### Instructions to follow
Below are the records; copy exactly the stretch from the line containing "Ribbon woven 11mm" through the line containing "Ken Rosenthal shares", both ends included, and nothing else.

### Provided data
####
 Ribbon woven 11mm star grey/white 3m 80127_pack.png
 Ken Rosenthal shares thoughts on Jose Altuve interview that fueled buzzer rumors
####
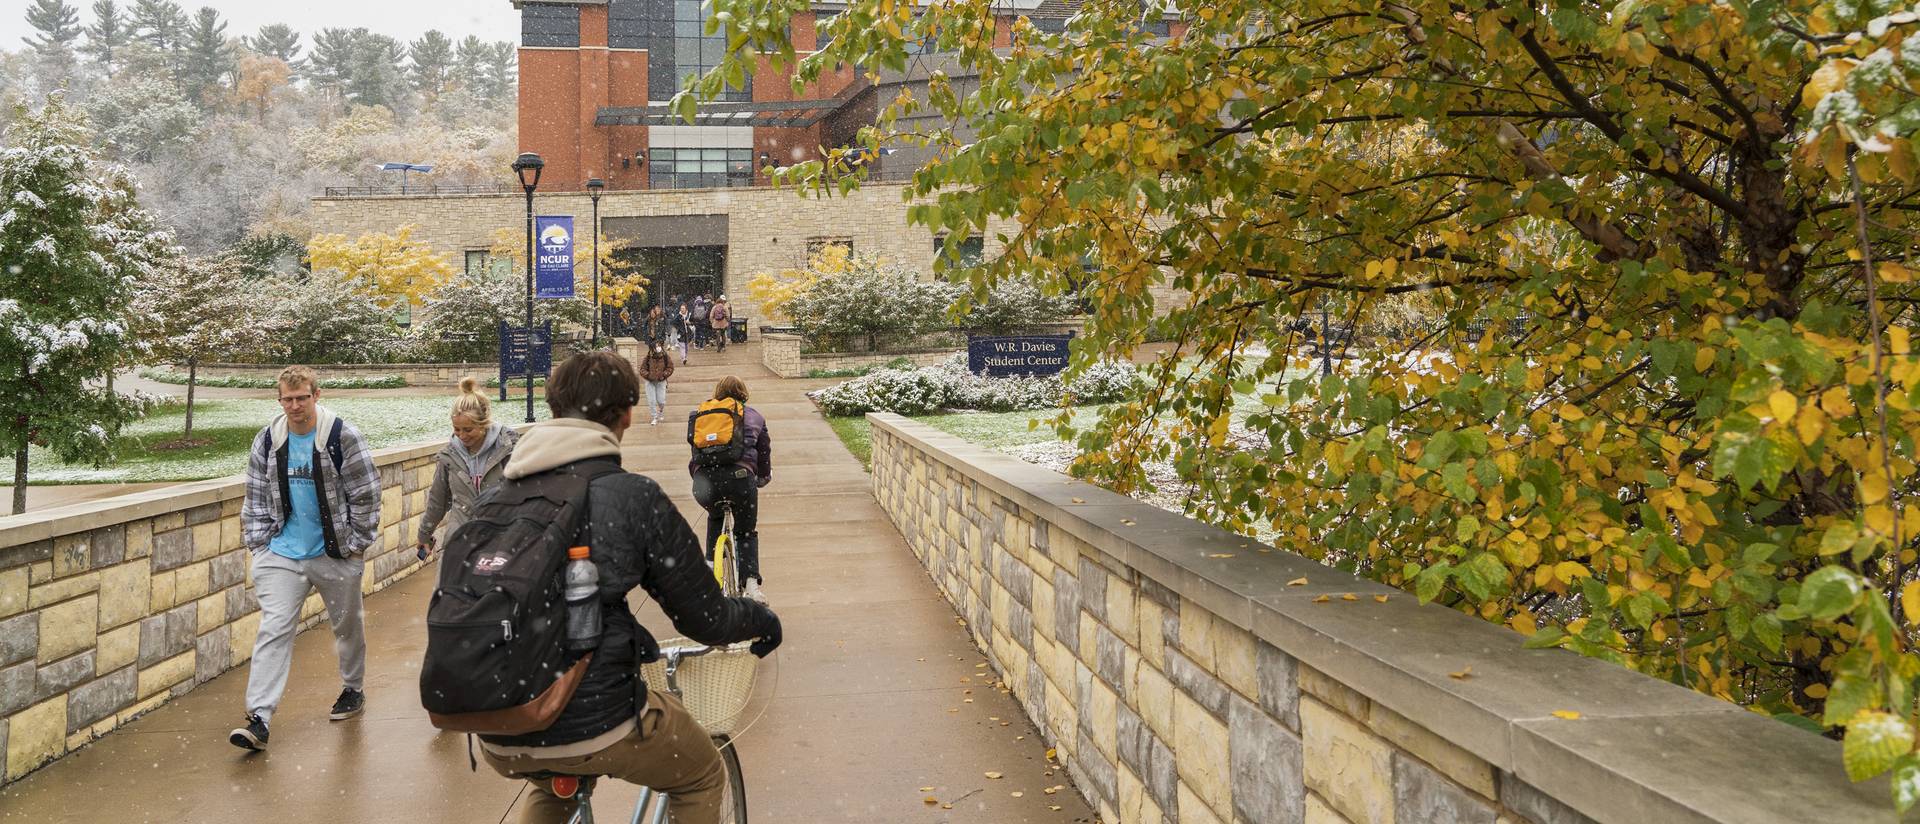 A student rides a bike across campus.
####
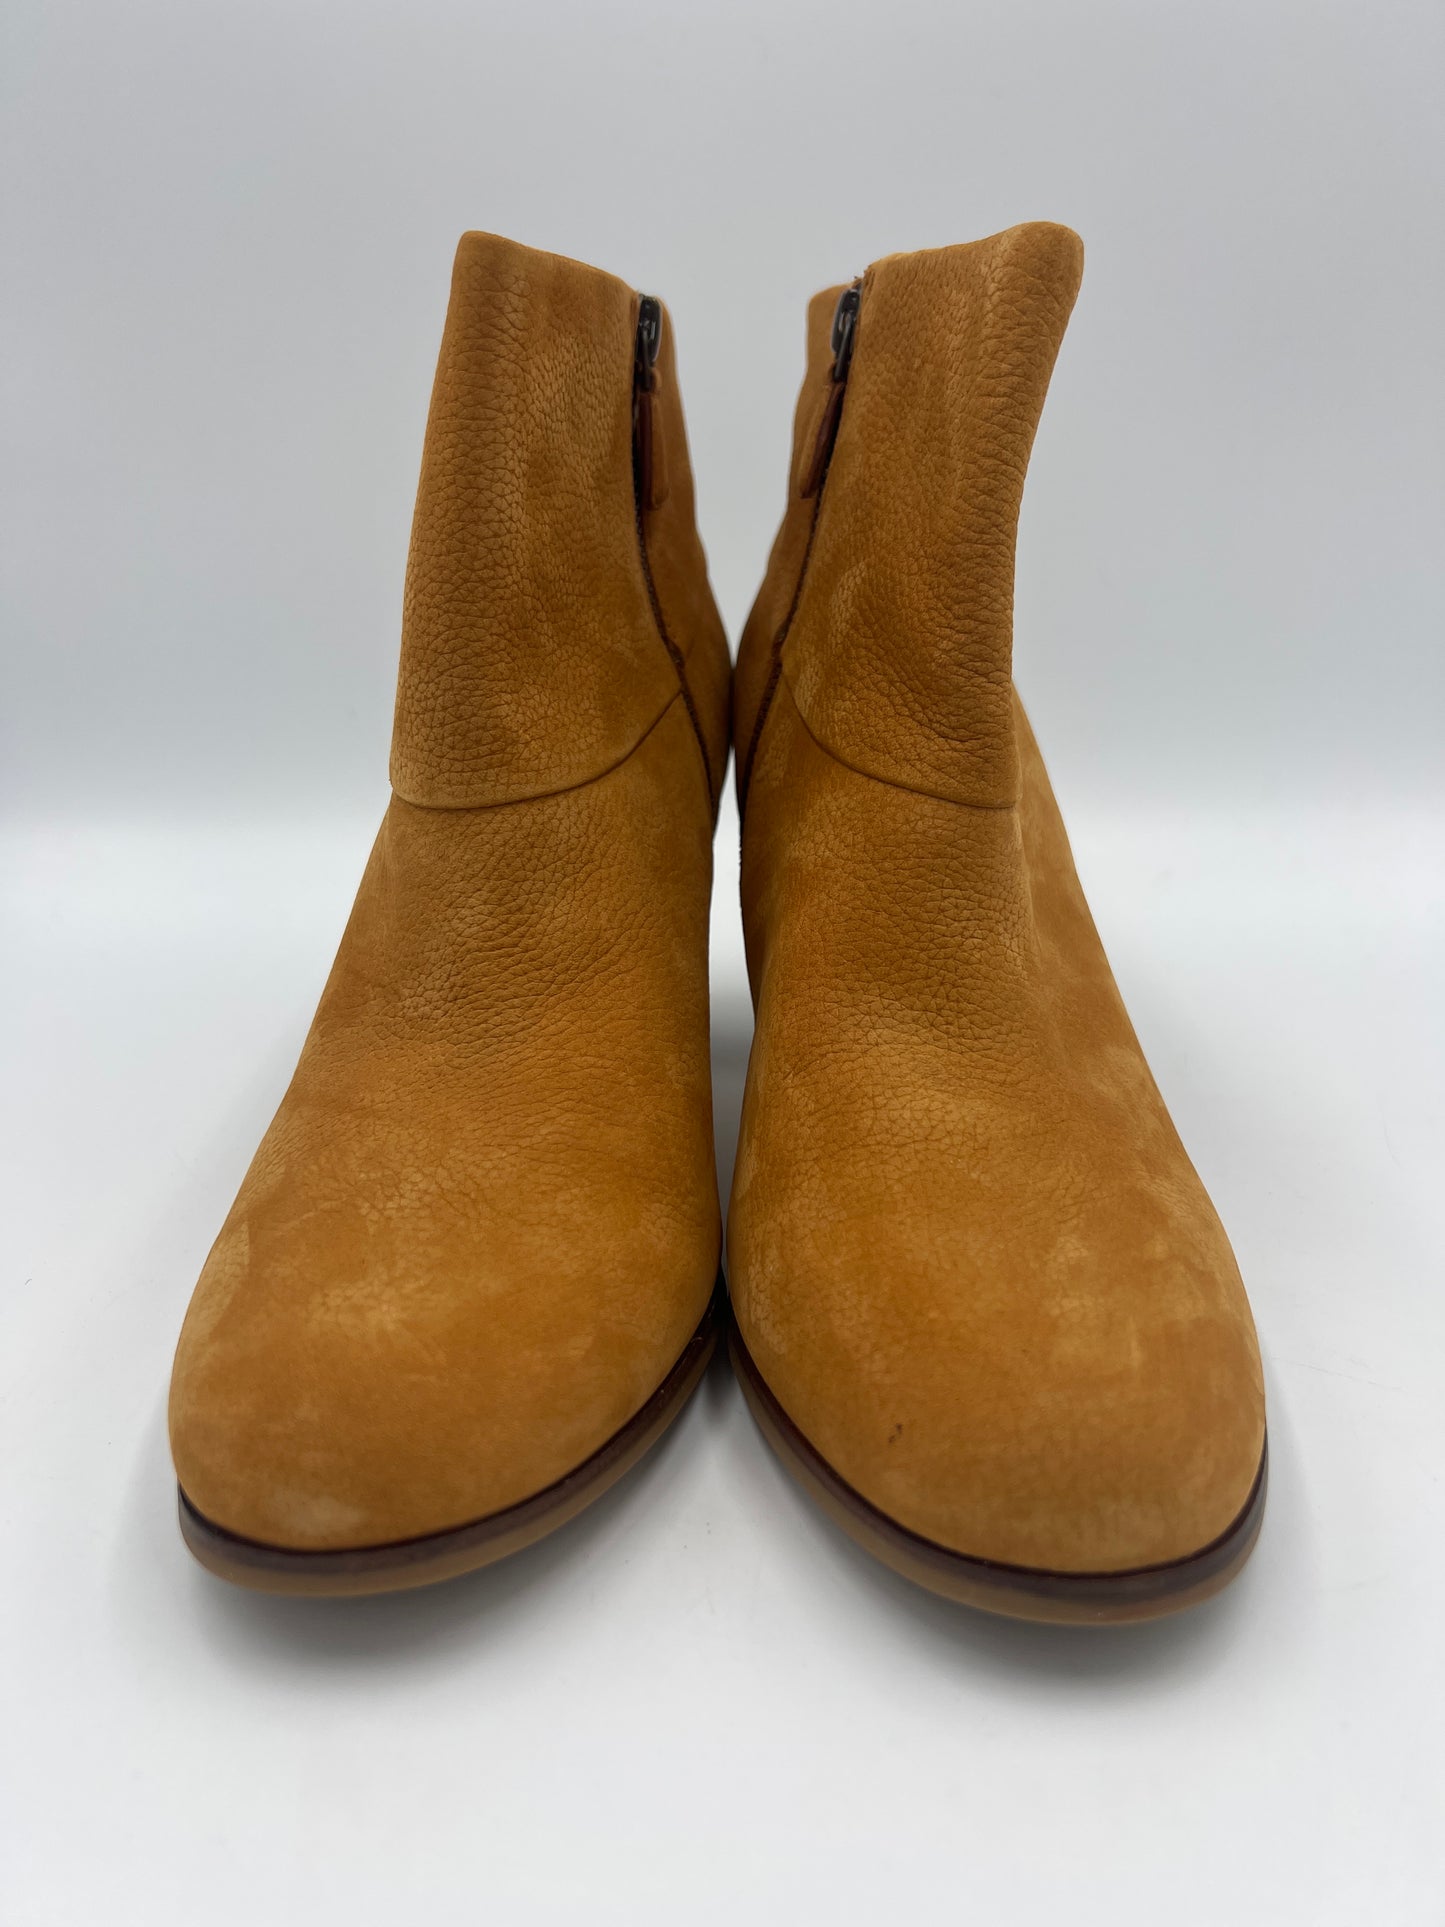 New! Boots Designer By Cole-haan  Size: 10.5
####
### Answer to the problem
 Ribbon woven 11mm star grey/white 3m 80127_pack.png
 Ken Rosenthal shares thoughts on Jose Altuve interview that fueled buzzer rumors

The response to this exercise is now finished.